Hungary – Budapest Court (Fővárosi Bíróság), Judgment no. 17.K.33.488/2008/4. of 20 May 2009

The case concerned the statelessness determination of a former Yugoslav national born in Kosovo, who had been living in Hungary since 1993, and whose Serbian nationality was officially recognised by Serbia in 2007. The 2009 judgment of the Budapest Court (Fővárosi Bíróság) in Hungary upheld that such an official confirmation disproves the applicant’s statelessness, even if he had never lived in the Republic of Serbia. The Court emphasised that the only subject matter of statelessness determination is the applicability of the 1954 Convention’s definition of a stateless person while examining the compatibility of the applicant’s expulsion to the country of nationality with other human rights obligations (such as the right to family life or non-refoulement) does not correspond to this particular procedure.

Case status
Decided
Case number
17.K.33.488/2008/4
Date of decision
State
Court / UN Treaty Body
Budapest Court (Fővárosi Bíróság), Hungary
Language(s) the decision is available in
Hungarian
Applicant's country of birth
Yugoslavia {former}
Applicant's country of residence
Hungary
Relevant Legislative Provisions

1954 Convention relating to the Status of Stateless Persons, Article 1 (1)

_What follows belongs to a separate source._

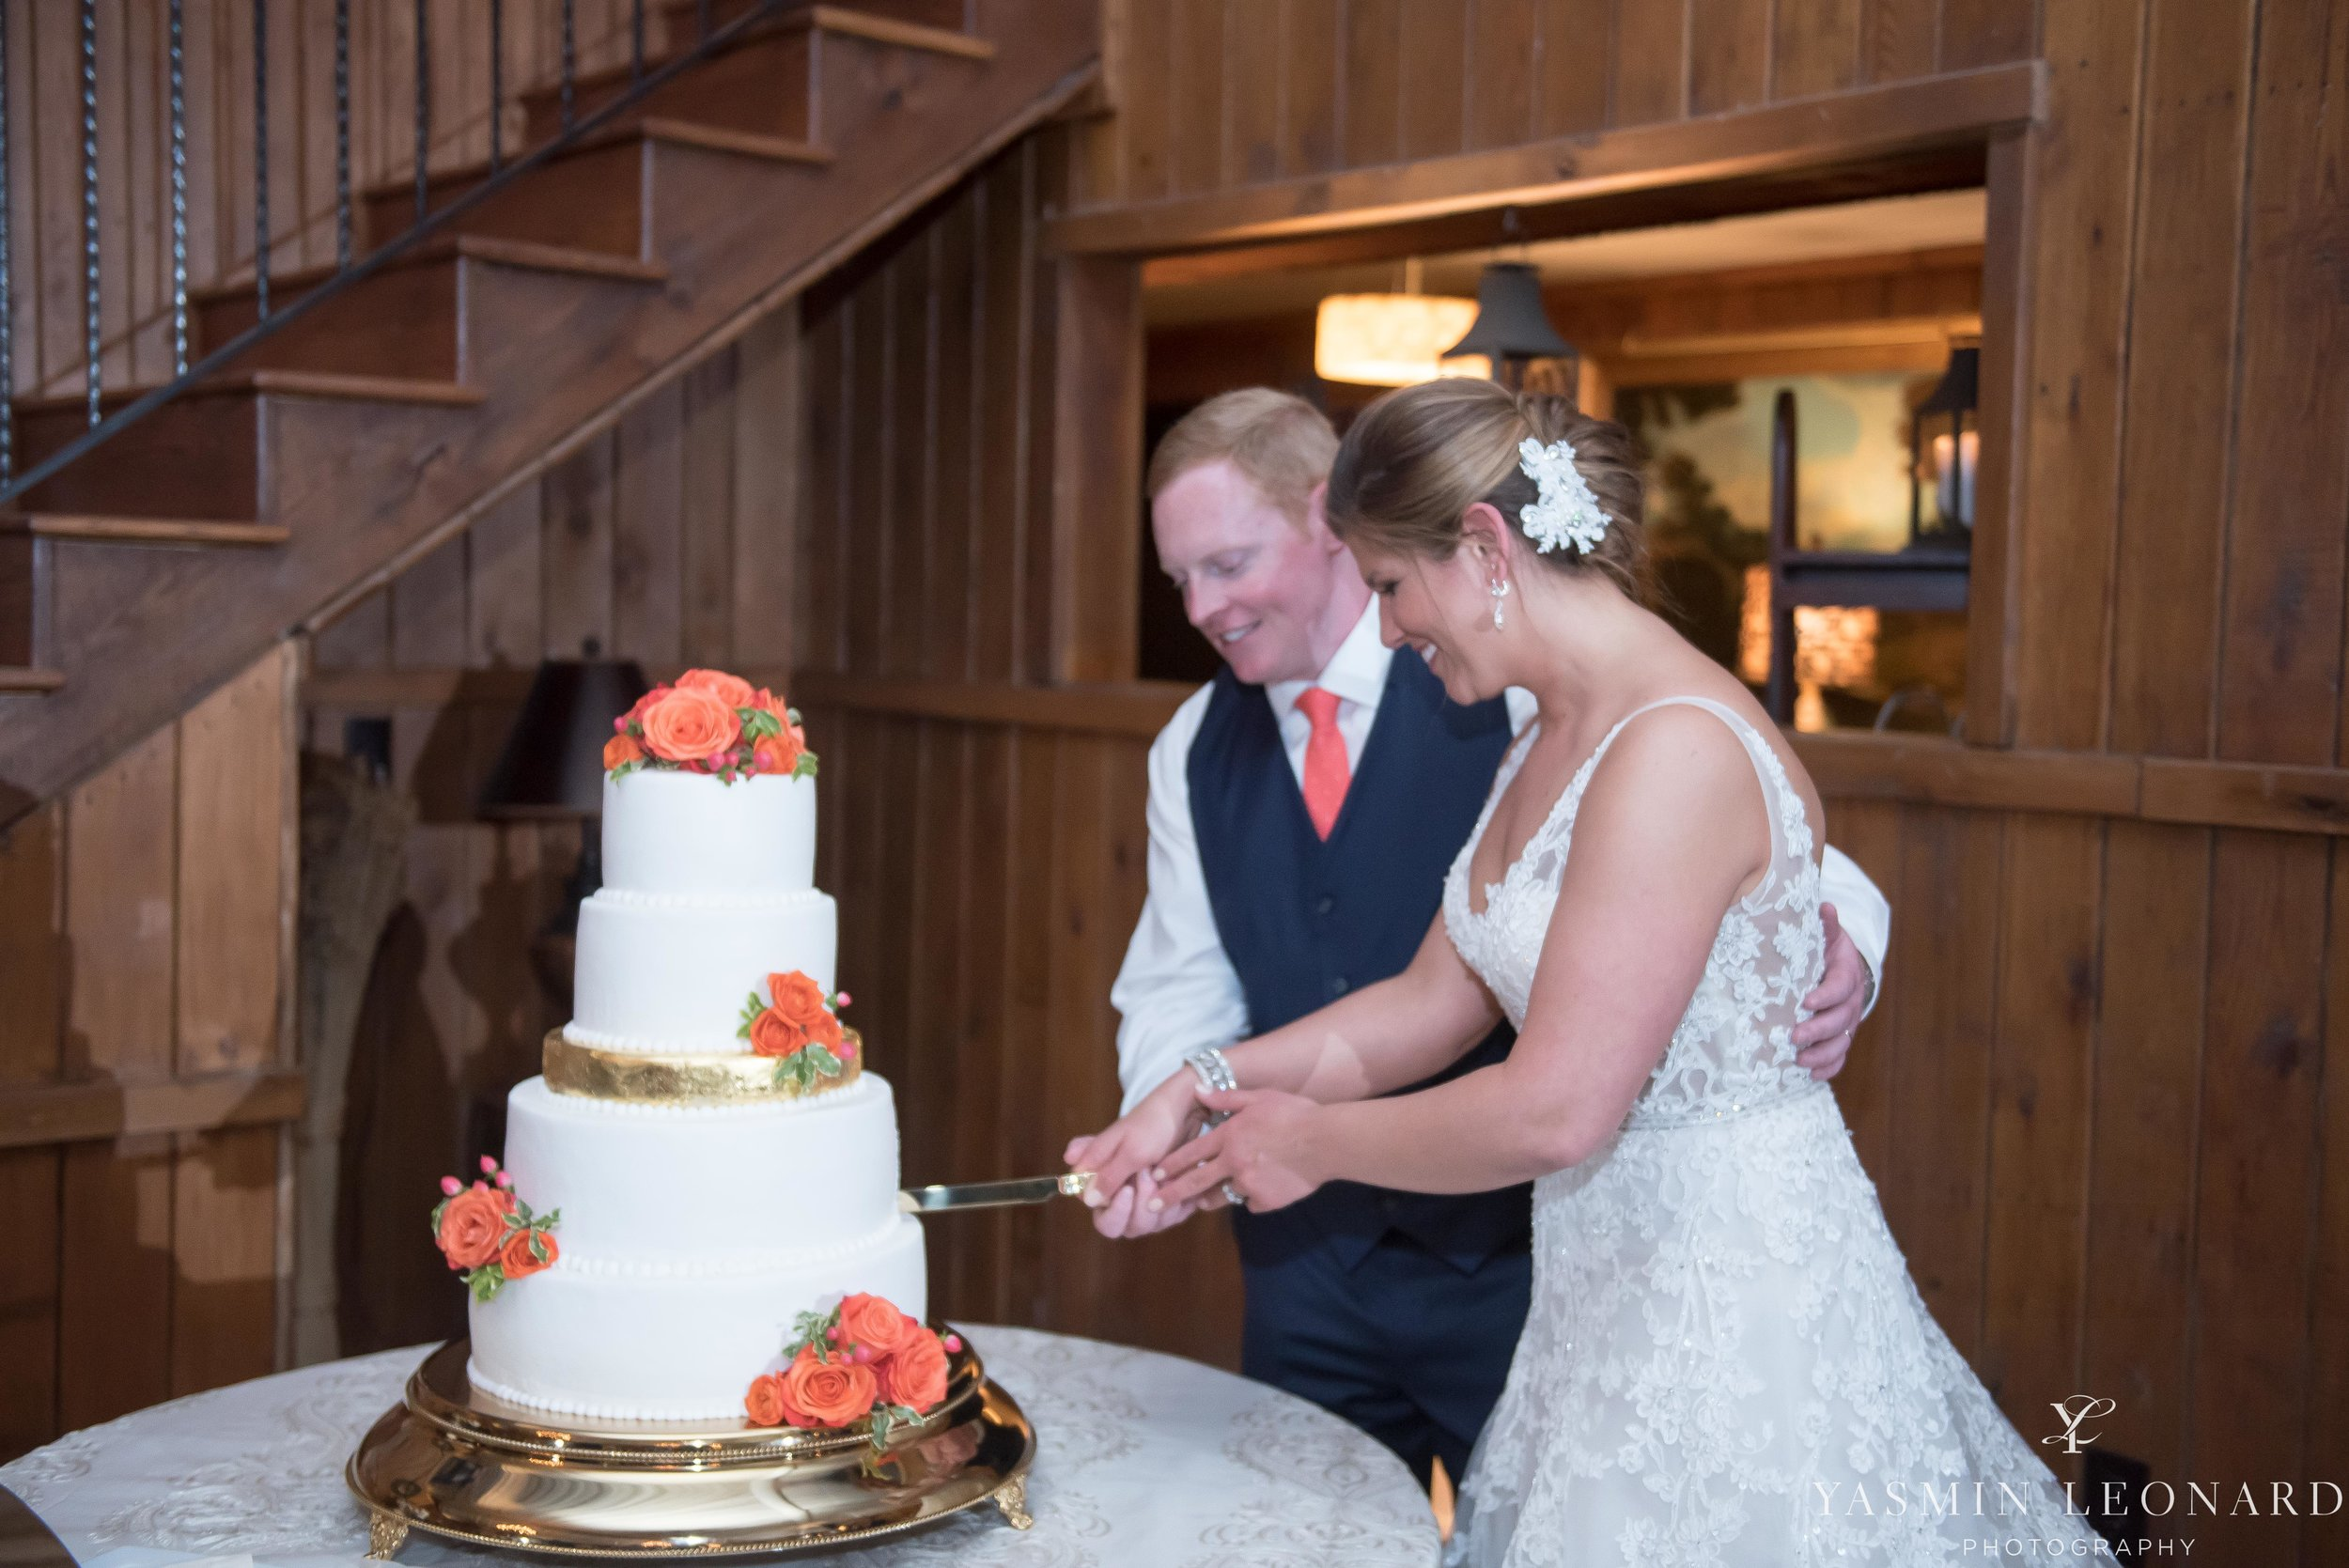 Adaumont Farm - Adaumont Farm Weddings - Trinity Weddings - NC Weddings - Yasmin Leonard Photography-80.jpg

Act II of 2007 on the entry and stay of third-country nationals, Section 79 (1) – Note that this Act is no longer in force. Since 1 January 2024, the same provision can be found in Act XC of 2023 on the general rules concerning the entry and stay of third-country nationals, Section 246 (1)

Facts

The applicant was born in 1965 in Kosovo, Federal People’s Republic of Yugoslavia. He arrived in Hungary in 1993 as a Yugoslav national. He was expelled from Hungary in 1998, but his expulsion could not be carried out for several years due to the denial of readmission by Serbian authorities and the rejection by the United Nations Mission to Kosovo (UNMIK) to issue a nationality certificate until a final decision is reached regarding the status of Kosovo. In the subsequent statelessness determination procedure, the competent administrative authority (the then Office of Immigration and Nationality) approached the Embassy of the Republic of Serbia, which confirmed the applicant’s Serbian nationality. Meanwhile, the UNHCR confirmed that the applicant did not have the nationality of Kosovo. Consequently, the administrative authority rejected the applicant’s claim.

Decision & Reasoning

The Budapest Court (Fővárosi Bíróság) rejected the appeal. It confirmed that the recognition of the applicant’s Serbian nationality by the competent authority of the Republic of Serbia cannot be disputed, even if the applicant does not wish to stay in Serbia due to his Hungarian child living in Hungary, his Kosovan origin and Albanian ethnicity and the hostile relationship between Serbia and Kosovo, since in the statelessness determination procedure only the applicability of the Convention’s definition of a stateless person ought to be examined. The Court also specified that such a confirmation of nationality can only be disputed with regards to its conformity with the law of the State concerned. The Court considered Serbia’s rejection of Kosovo’s independence a ‘notorious fact’, which was deemed coherent with the applicant’s consideration as a Serbian national by the competent Serbian authorities. Finally, the Court emphasised that ‘neither the lawfulness and fairness of the applicant’s removal to Serbia nor the conditions he will face there are to be examined in the statelessness determination procedure, since the subject of the latter is not the applicant’s expulsion to Serbia or the prohibition of refoulement, only and exclusively the applicability of the Convention’s definition of a stateless person (…)’. (all quotes from page 3)

Outcome

The judgement of the Budapest Court (Fővárosi Bíróság) became final.